More brush and canopy means there’s more of a chance for a fire to climb up to the crowns — the tops of trees. Once a fire reaches the crowns it burns hot and fast and is very difficult for firefighters to contain. Ground fires burn slower and are much easier to control.
Logistically speaking, Fitch Mountain is the “launching board” for embers from a fire to spread down to the city of Healdsburg, which is why protecting and shoring up Fitch Mountain is so important.
“By doing this it benefits the mountain, but it also benefits the town too,” Turbeville said.

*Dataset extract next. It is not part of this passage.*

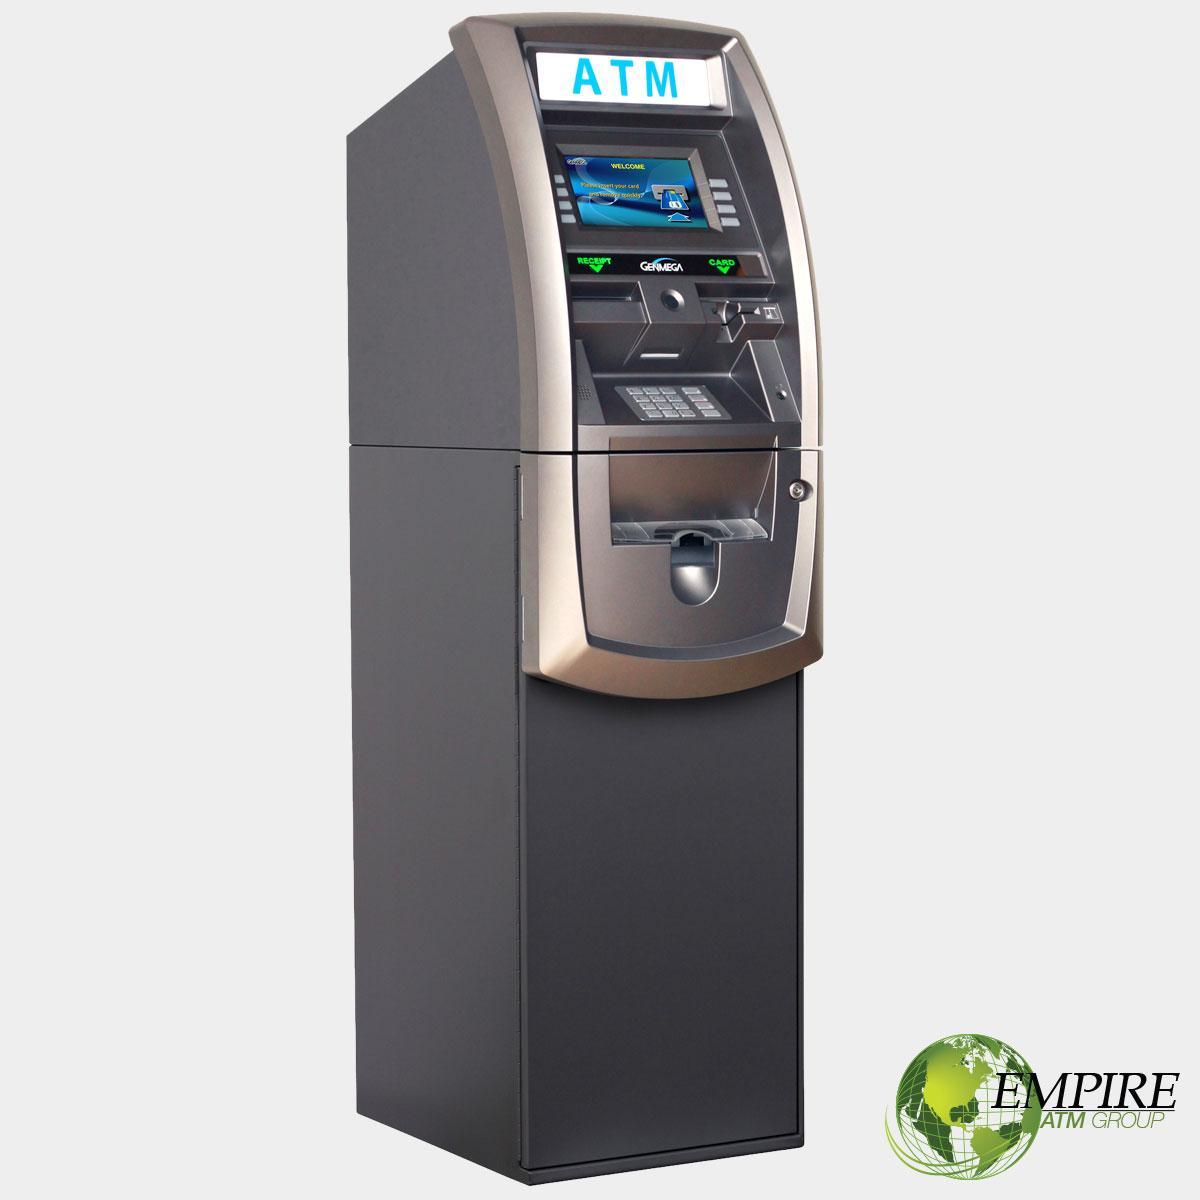 atm machine business franchise

Laura Tietz, who started Fire Free Fitch, is credited with starting the vegetation management movement on Fitch Mountain. Well into her eighties, Tietz would go door to door on Fitch Mountain and tell people to clean their yards and clear away overgrown brush.
“Laura Tietz, who’s near and dear to my heart, she was the one who started Fire Free Fitch, the reason all this happened,” Collister said.
In one of the areas of Fitch Mountain called Mother’s Grover where they cleared away vegetation, the Tietz family hopes to erect a bench in honor of Laura Tietz.